Daily Poll: Do You Respond to Domain Sellers When You’re Not Interested?

I receive many emails from domain owners trying to sell me their domain names. 99% of the time, the domain names are not of interest to me at all. Almost all the time, I respond to let the person know. I think it is courteous. The downside to responding is that some people think this opens the door to sending me many other domain names to review. Occasionally, people will respond by asking why I don’t want the name or are otherwise rude to me for having the gall of not wanting to buy their domain name.

When you receive an outbound email offering to sell you a domain name, do you usually respond?


Elliot Silver
Elliot Silver
About The Author: Elliot Silver is an Internet entrepreneur and publisher of DomainInvesting.com. Elliot is also the founder and President of Top Notch Domains, LLC, a company that has closed eight figures in deals. Please read the DomainInvesting.com Terms of Use page for additional information about the publisher, website comment policy, disclosures, and conflicts of interest. Reach out to Elliot: Twitter | Facebook | LinkedIn

12 COMMENTS

  1. No. Some will send email after email asking for a response but I think this is rude as you can’t expect a response from an uninterested person.

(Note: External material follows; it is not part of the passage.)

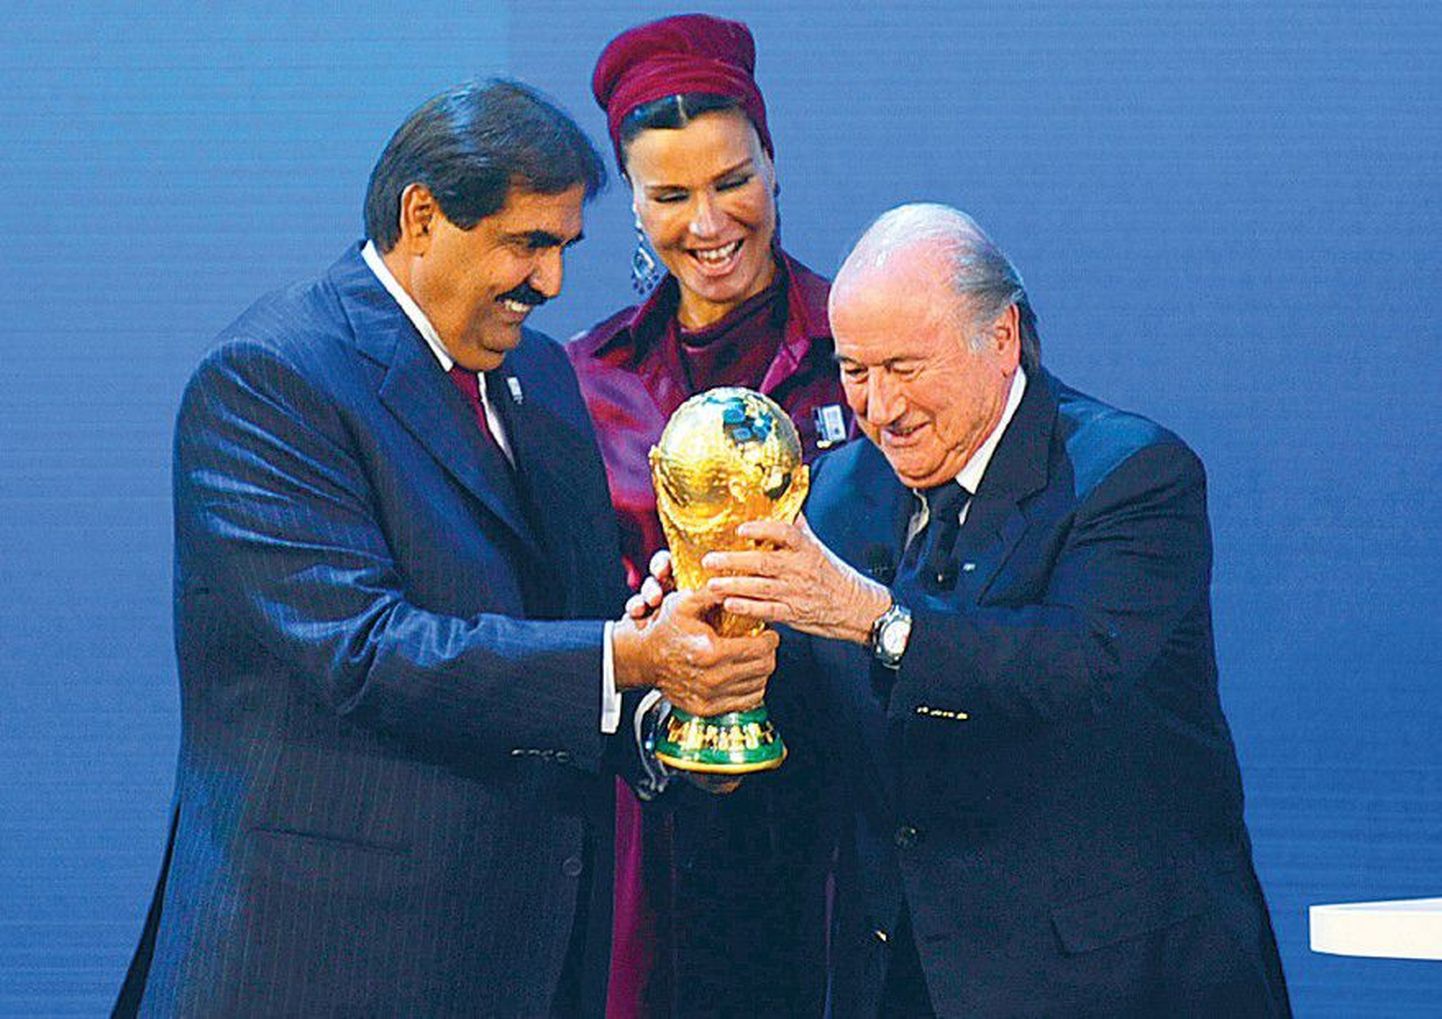 Президент Международной федерации футбольных ассоциаций (ФИФА) Зепп Блаттер (справа) вручает эмиру Катара Хамаду бен Халифе Аль Тани и его супруге Мозах бинт Насер аль-Миснед копию Кубка мира в знак того, что честь провести ЧМ по футболу 2022 года выпала Катару.
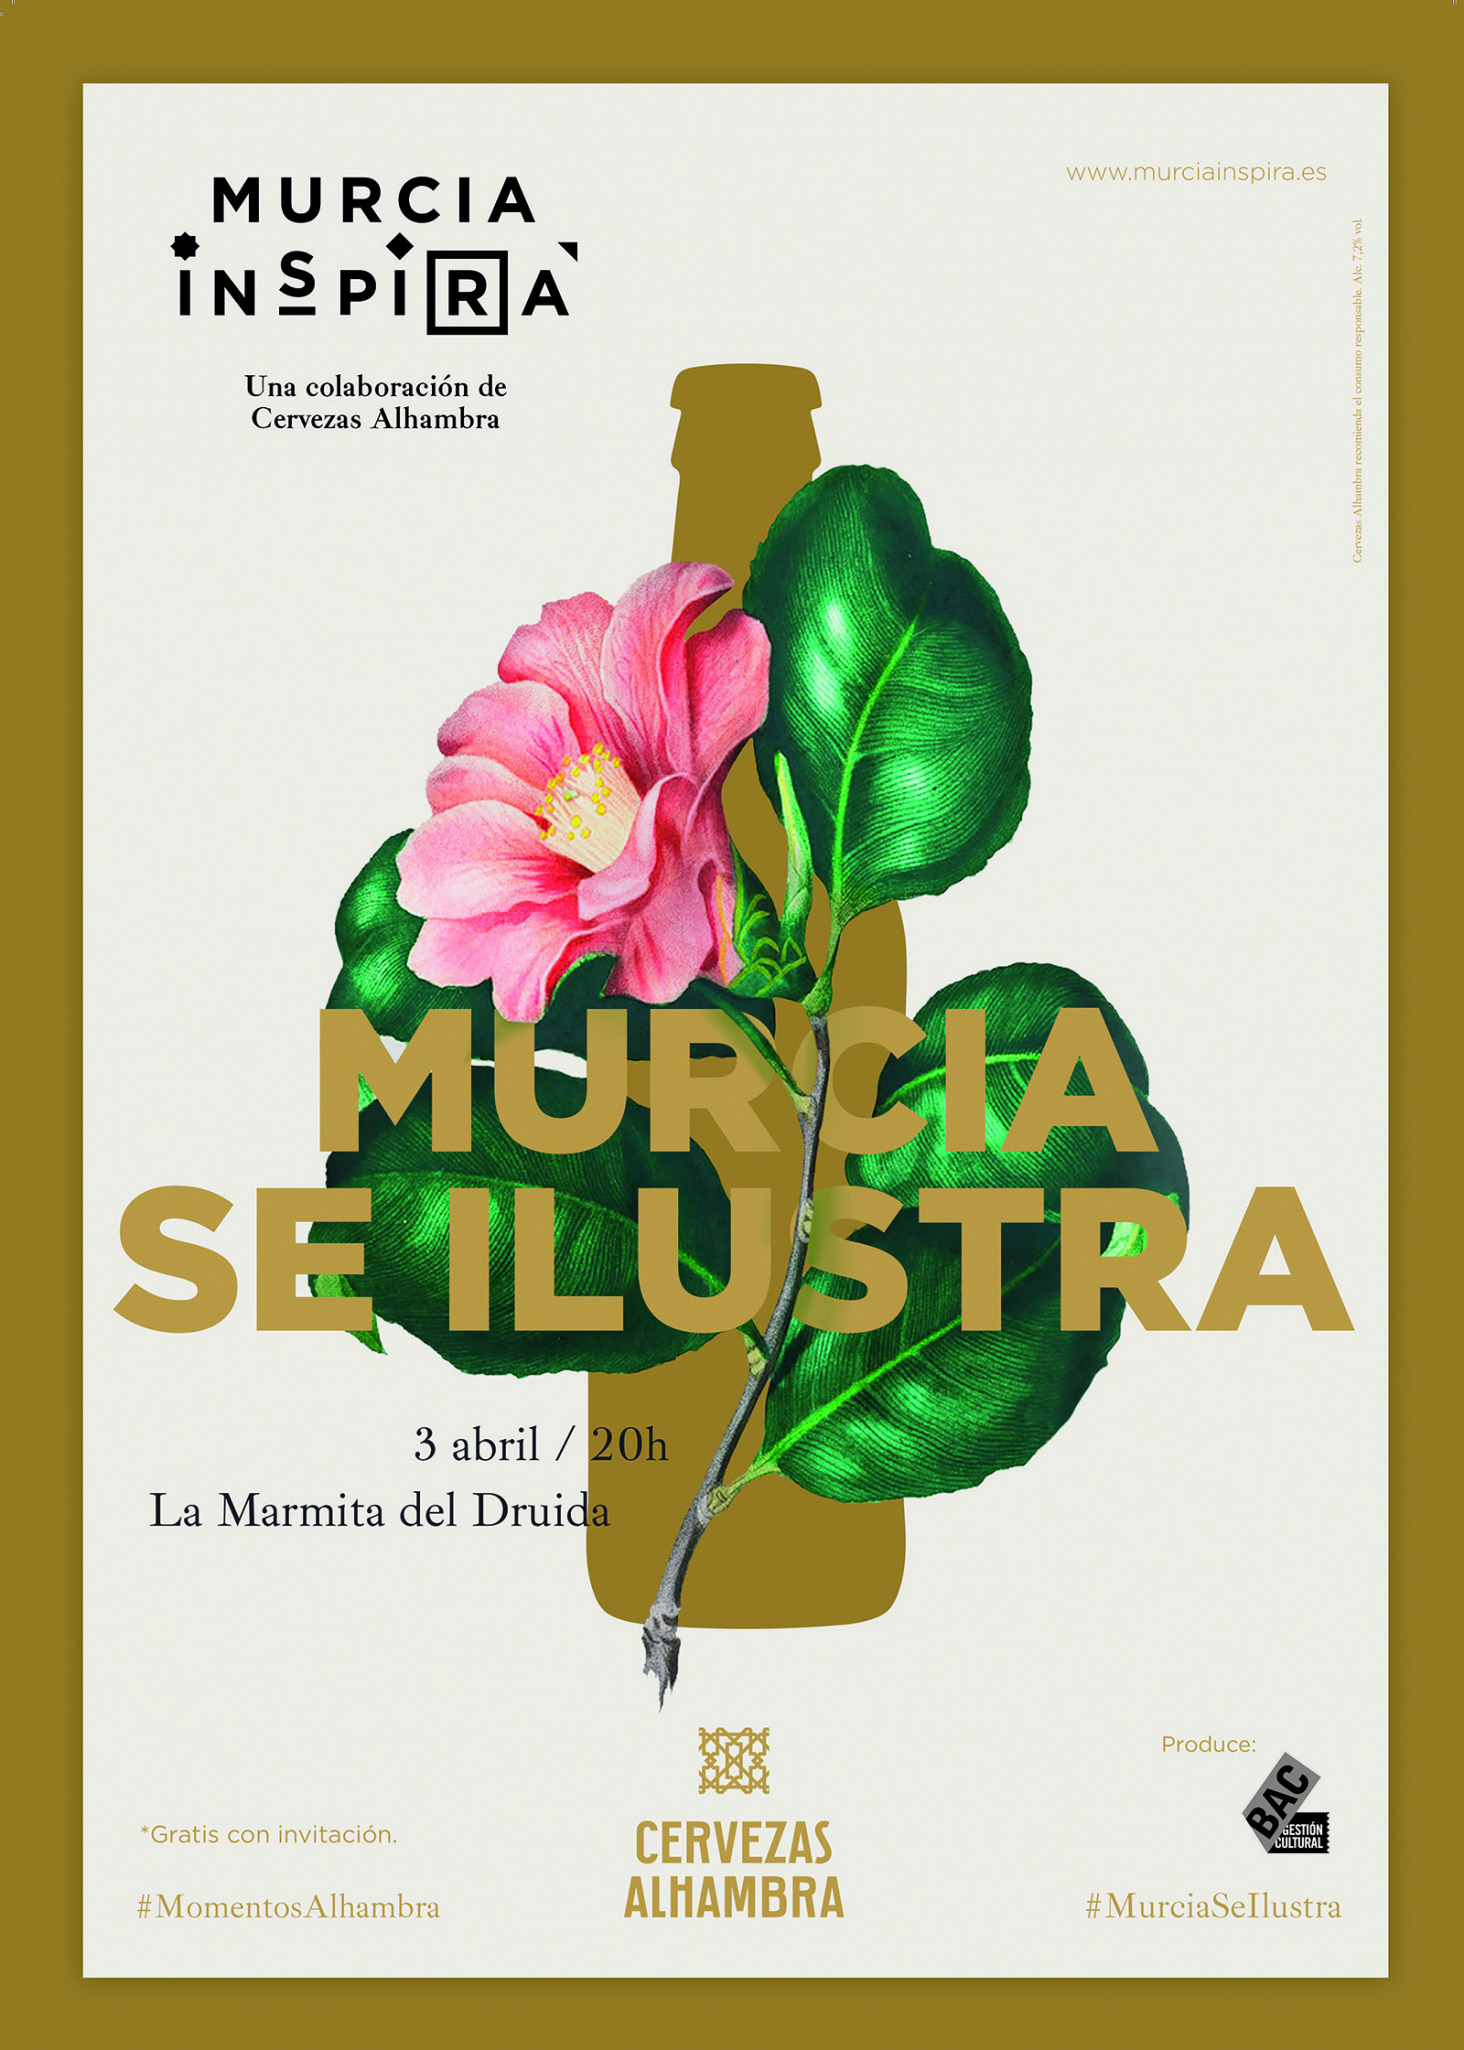 El ciclo Murcia Se Ilustra de Murcia Inspira vuelve con una exposición que aúna tradición y vanguardia

  2. It’s a total waste of time.

    Maybe a few times in the past I was in the mood to do the person a favor by showing them how worthless the domain is, if it seemed they might be genuine in what they are attempting, but a lot of it is front running anyway. And maybe just a few times I’ve said it was a good domain but just not interested if they seemed nice and genunine enough too.

  3. You should have an option in the poll for “Sometimes”. Most of the time I do, but not all the time. Generally, no reply translates to “Not interested”, but not everyone sees it that way. It probably wouldn’t be that big of a deal if some people didn’t take it so personally when they don’t get a response from buyers that receive hundreds of domain offers per day, making it impossible to respond to them all and still get other work done.

  4. I always reply. One day that same person might have a domain you do want.

    When you approach an end-user asking if they are interested in a name, isn’t it nice to get a reply, whether its a “Yes” or “No”

    It might be a name you think is crap, but to the right person/company it might be exactly what they want, this is something that seller doesn’t know until he has sent the email and got a reply from you. There is no harm in saying “no thank you”…everyone deserves at least one reply, this is what domainers do, they email or call people asking if they are interested in specific domain names. Everyone has started off in this business with crappy names šŸ™‚

    If you keep getting spammed with the same name then thats a different story

    Just my 2 cents

    • Giles, I fully agree with you.

      As a seller, when i want to search for a good domain broker for a 5, 6 or 7 digit domain to sell, first of all, i send junk domain list to that broker and see how he/she reacts to it.

  5. I used to reply to everything. Personal response, build rapport, offer suggestions, that sort of thing. Even if it was a domain name I didn’t want myself or for brokerage, that same person may come back in a few months or years with ones I do like. That was my thinking. Plus, like you said, it’s the courteous thing to do.

    When I looked at the amount of time I was spending on replies, I realized it was taking hours each week. Not just a few minutes here and there but really taking a lot of my time. So, these days it depends. I still try to reply to everyone at least once but if they keep emailing I don’t always reply to every one of their emails. I also don’t reply to the obvious Bcc spam. I haven’t resorted to blacklisting but since John is one of the smartest people in the room, and he just gave some candid advice, I’m going to consider it.

    Last month, I took my 6 year old daughter to see the Falcon Heavy launch from the Apollo/Saturn V Center. Just before the trip, I had around 30 emails in the inbox that had just been sitting there, some were a week old. All were emails about domains I wasn’t interested in but I hadn’t gotten around to replying to everyone.

    I hit select all and archived everything just before our trip.

    Time is worth a lot to me. I’m fine looking back on a choice like that if it’s to make the best use of my time I can make.